[[ Information shown open ]]
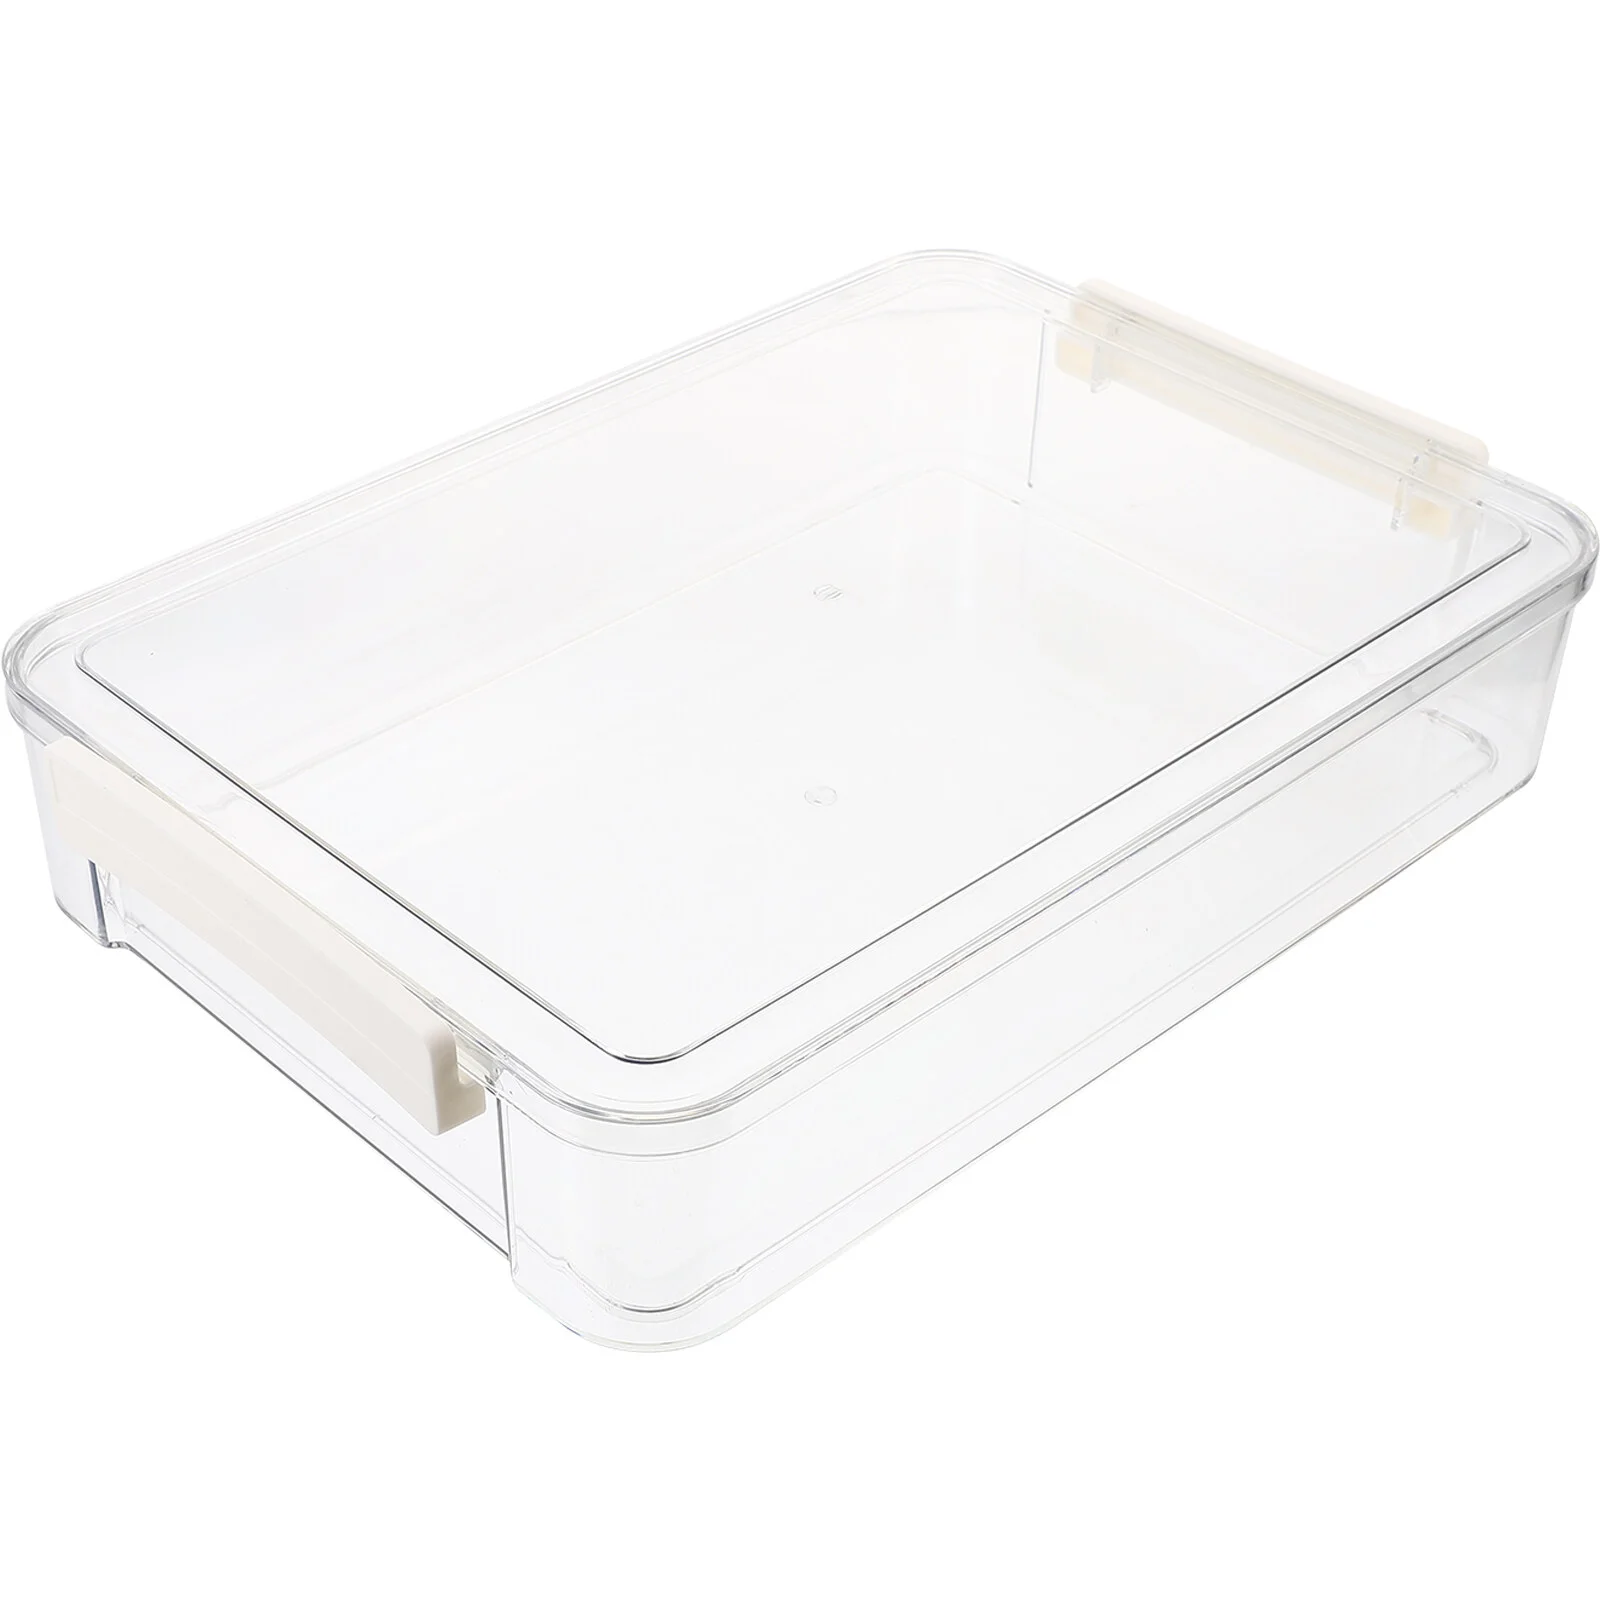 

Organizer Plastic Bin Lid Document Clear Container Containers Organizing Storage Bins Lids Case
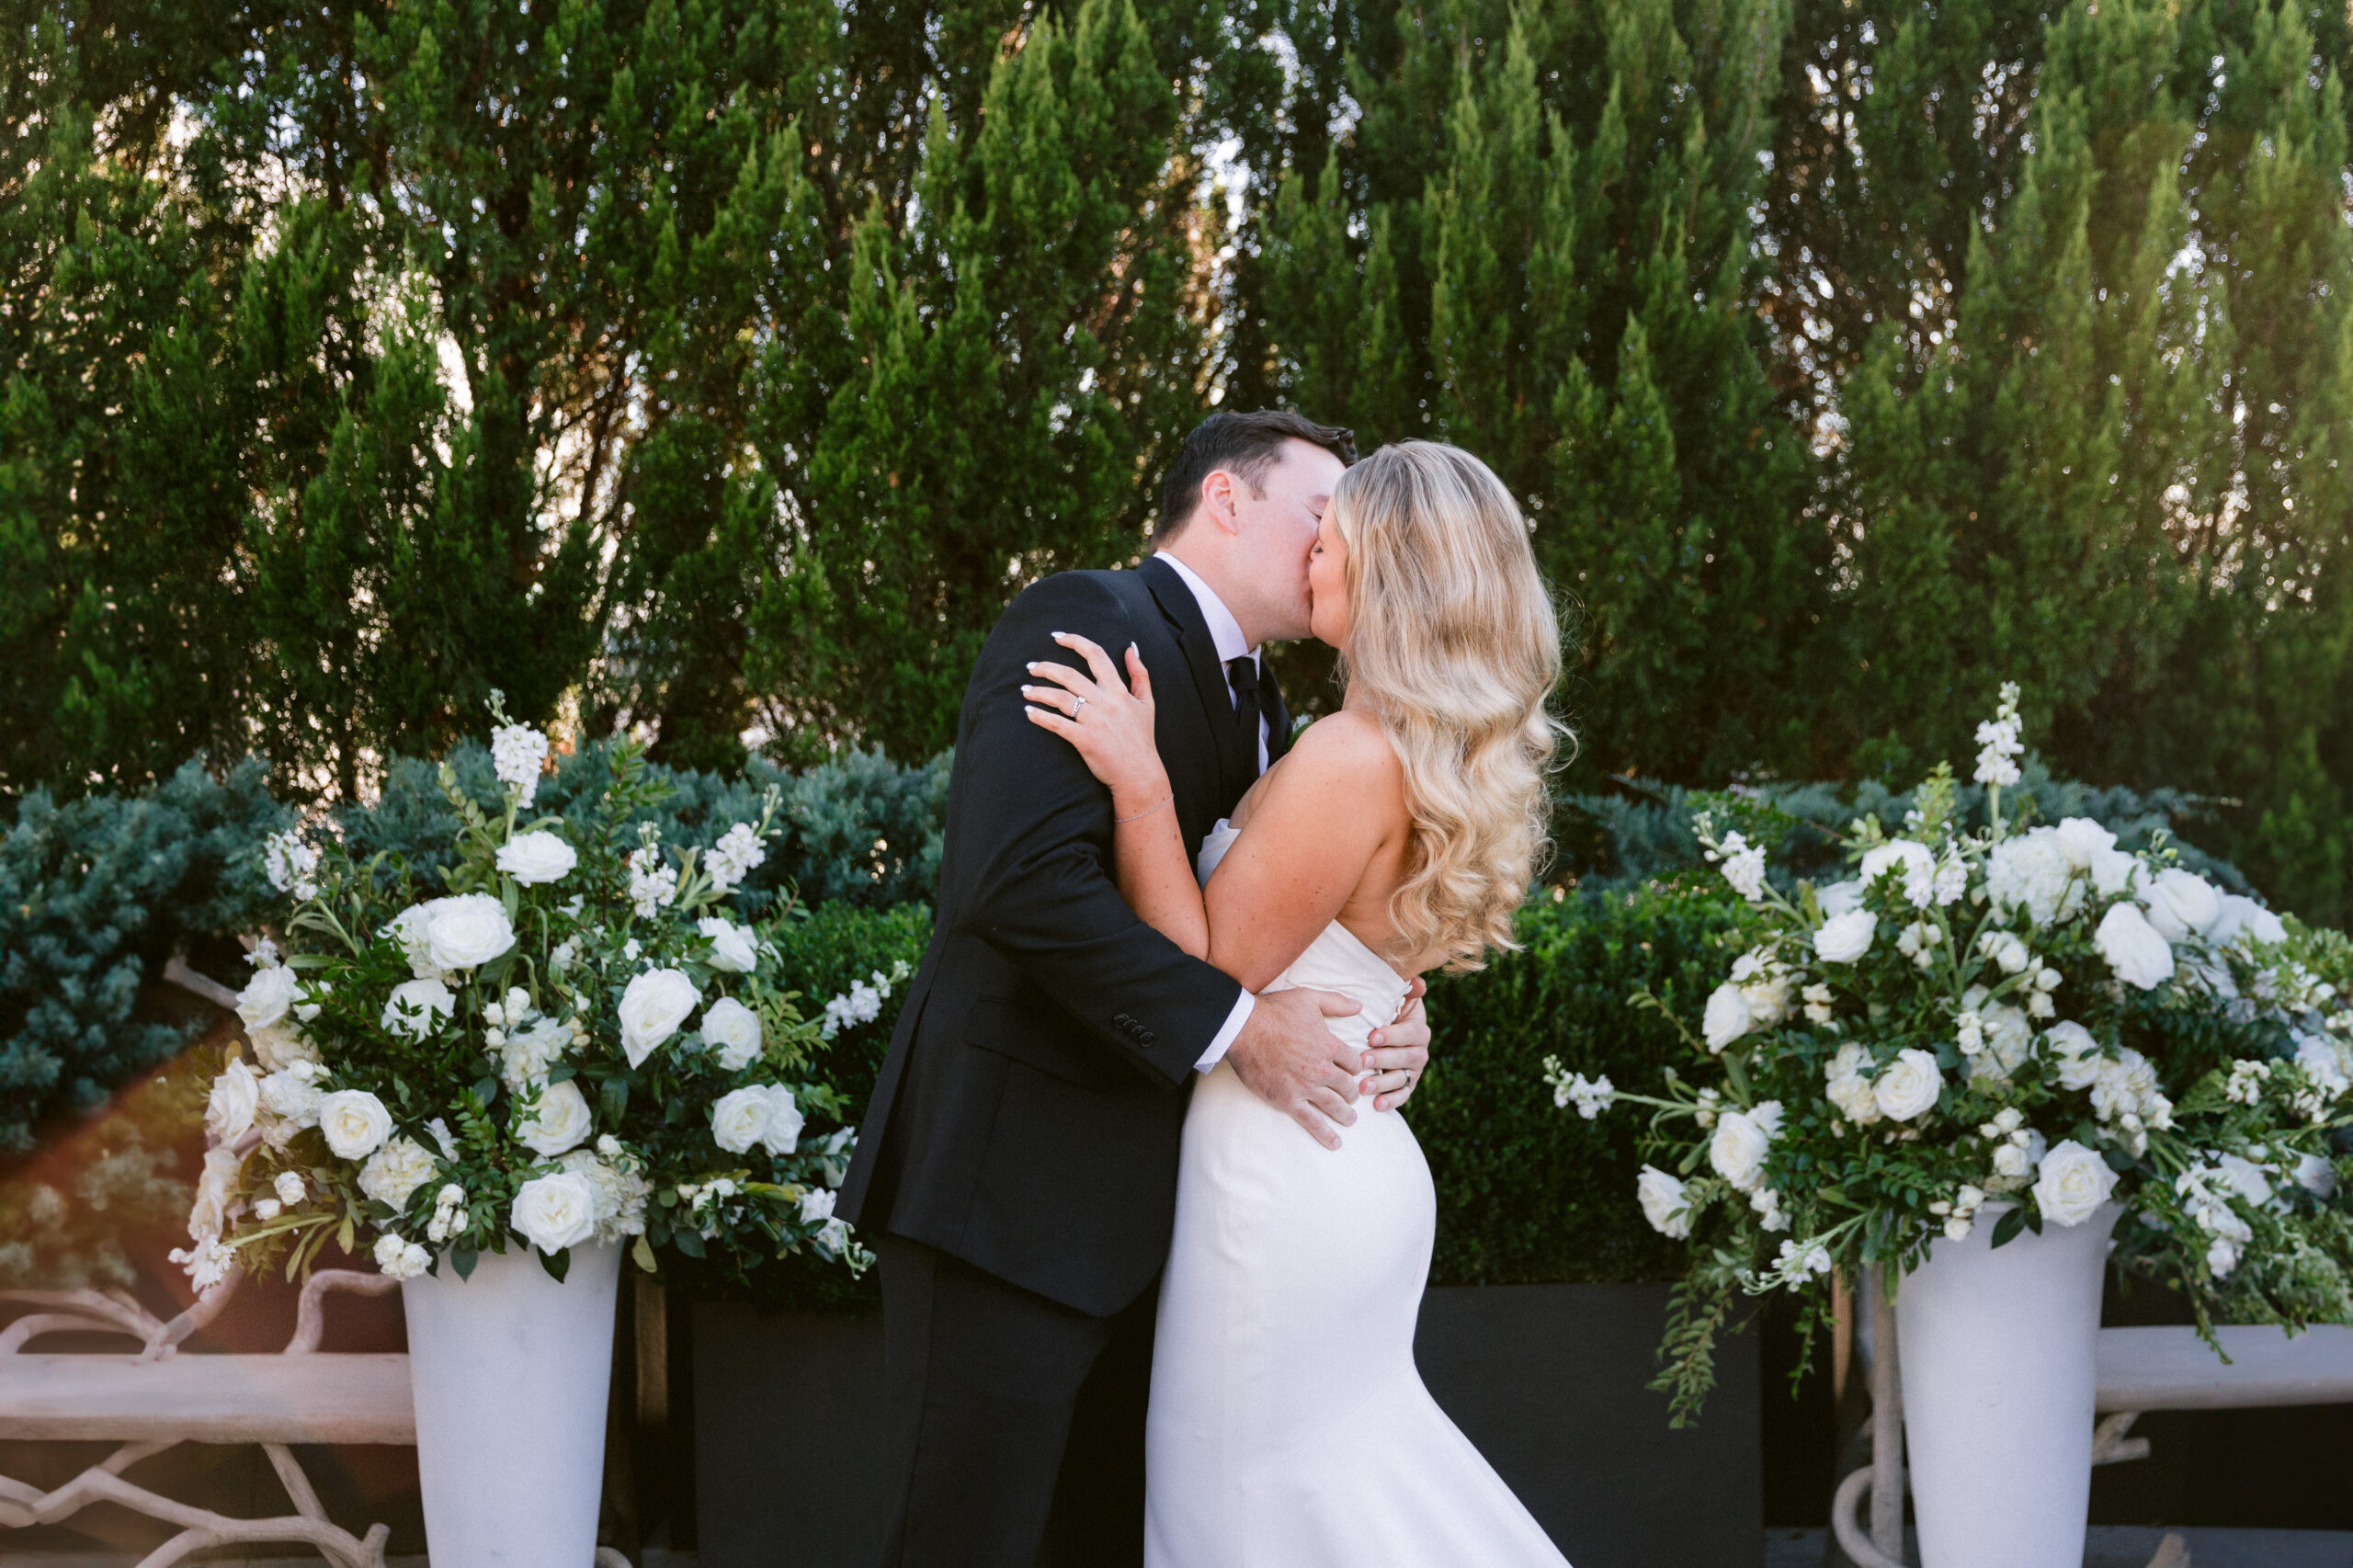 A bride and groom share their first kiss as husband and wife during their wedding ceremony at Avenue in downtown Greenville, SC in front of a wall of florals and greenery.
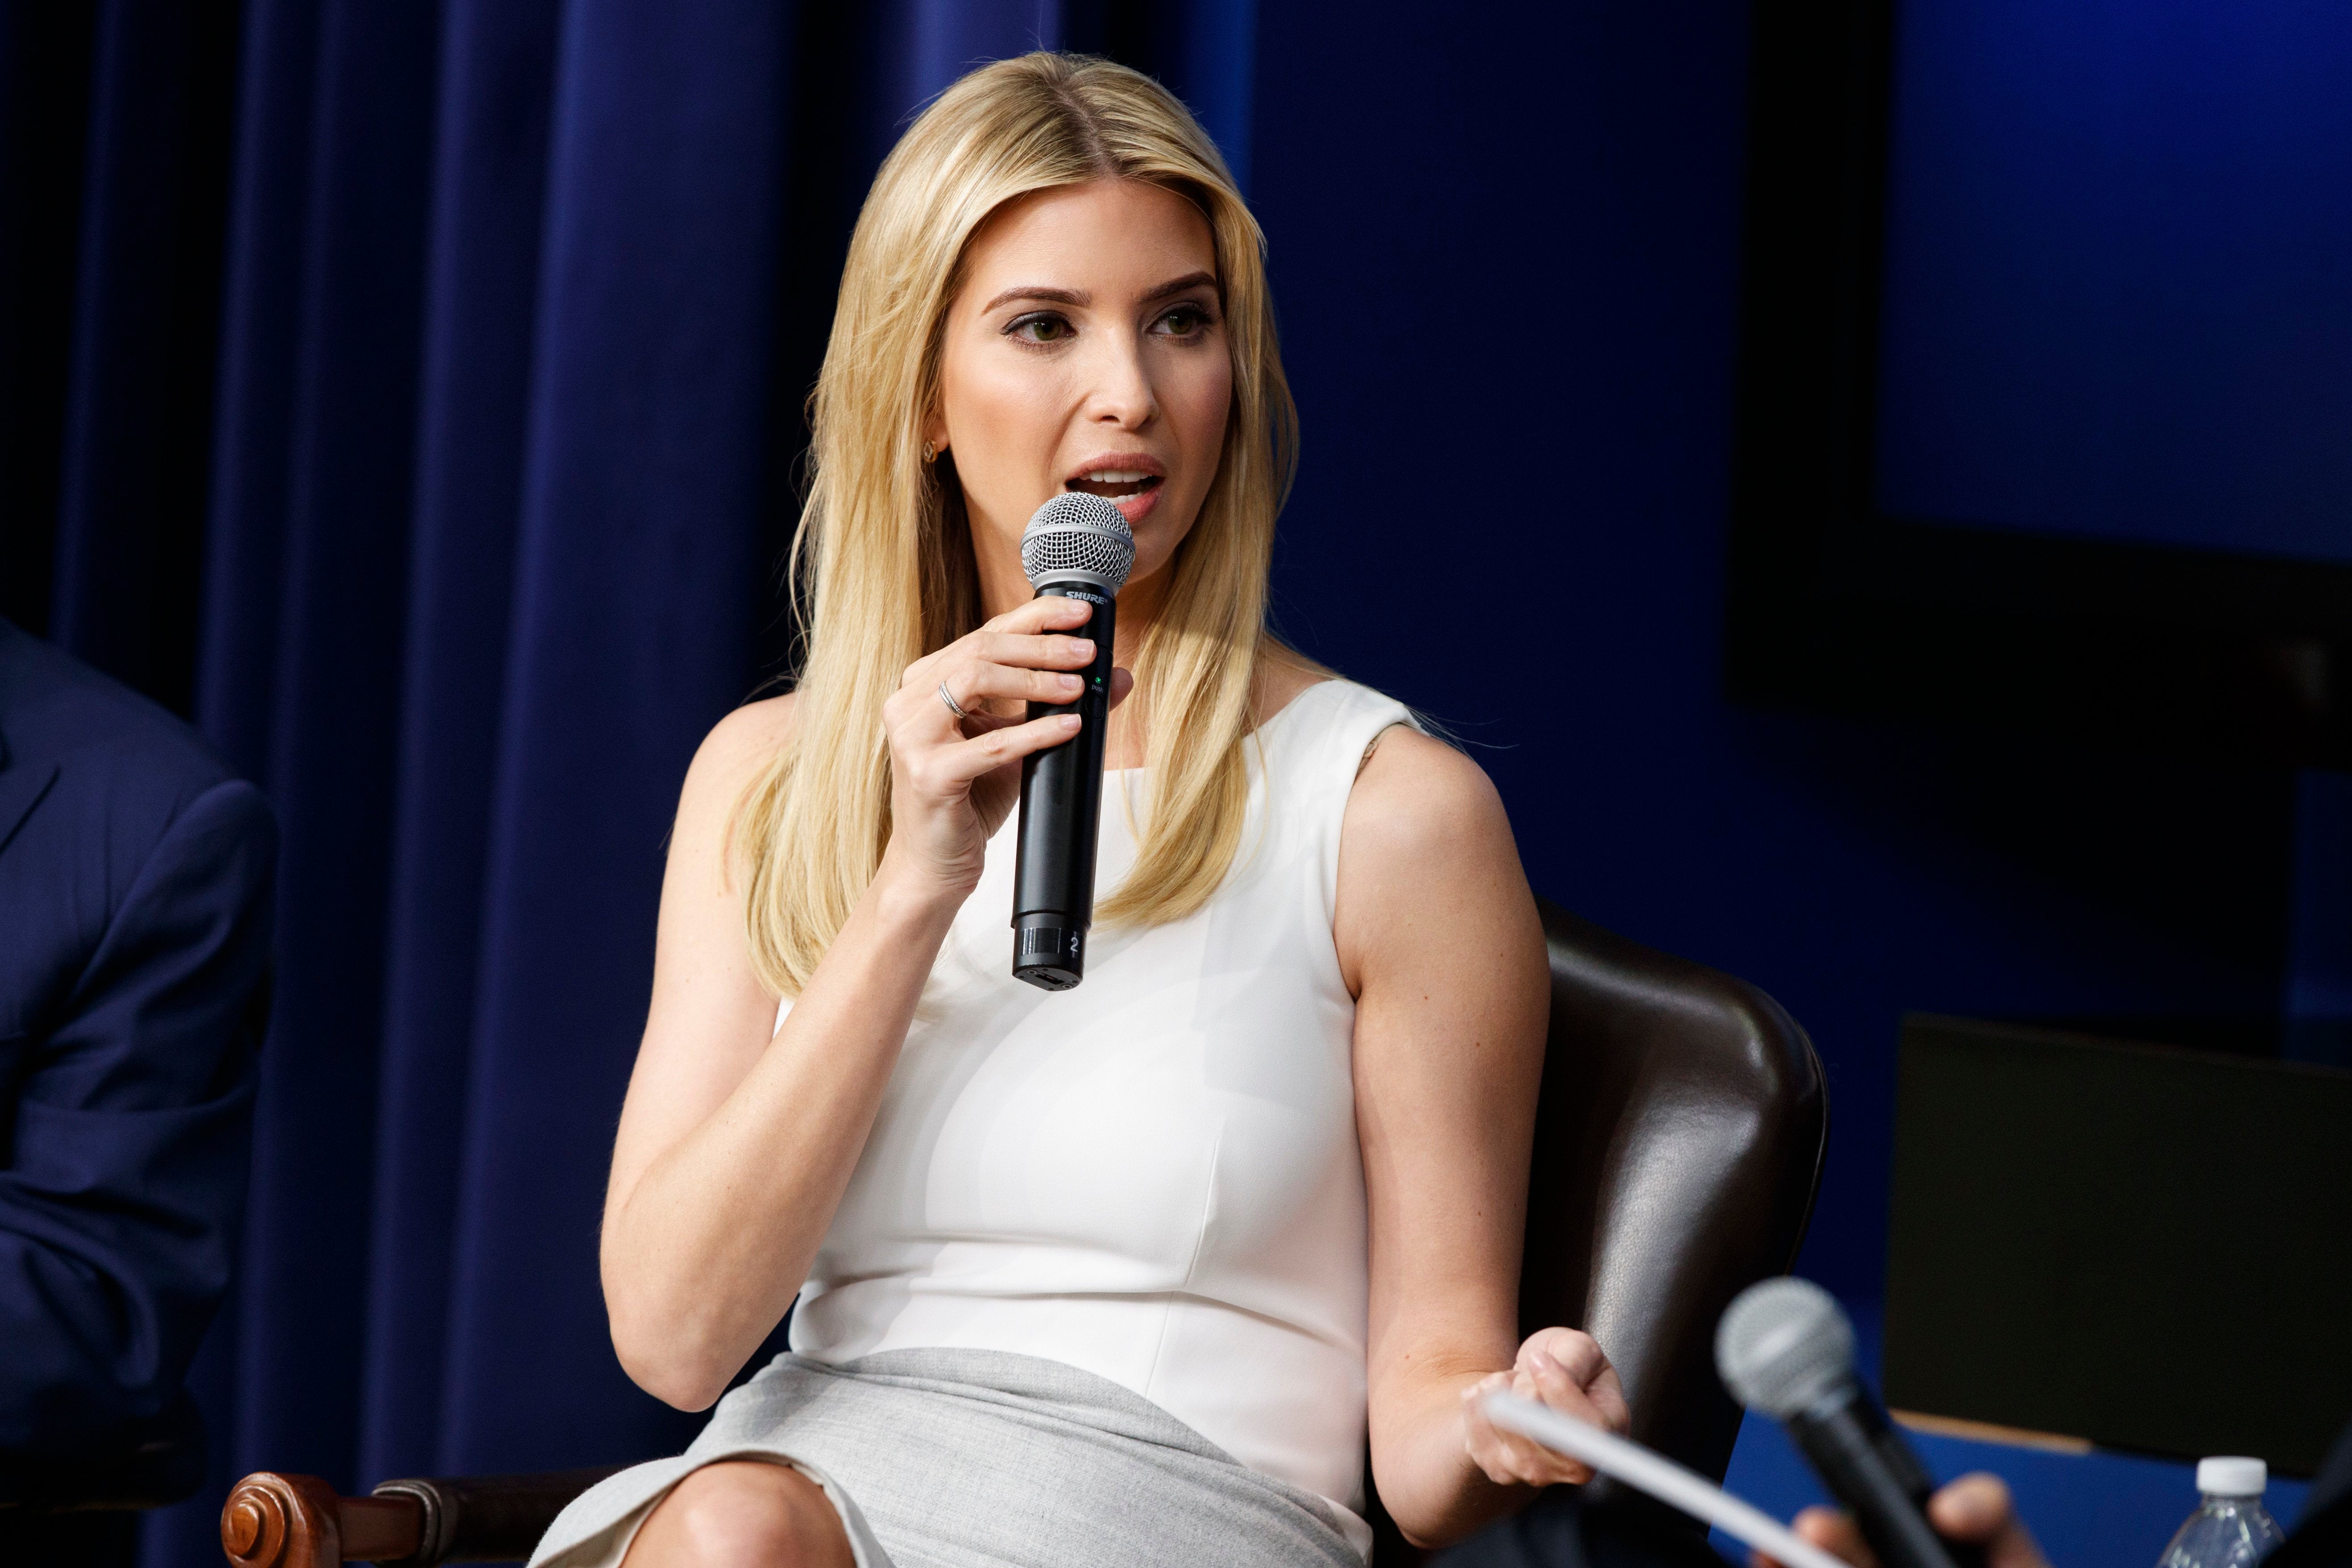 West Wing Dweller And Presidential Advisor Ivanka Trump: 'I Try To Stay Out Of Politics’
[[ Information shown closed ]]
What the task asks – Give back exactly the lines from the one that contains "A bride and" to the final line of the data above, both included, with all pictures removed.

Task answer –
 A bride and groom share their first kiss as husband and wife during their wedding ceremony at Avenue in downtown Greenville, SC in front of a wall of florals and greenery.
 West Wing Dweller And Presidential Advisor Ivanka Trump: 'I Try To Stay Out Of Politics’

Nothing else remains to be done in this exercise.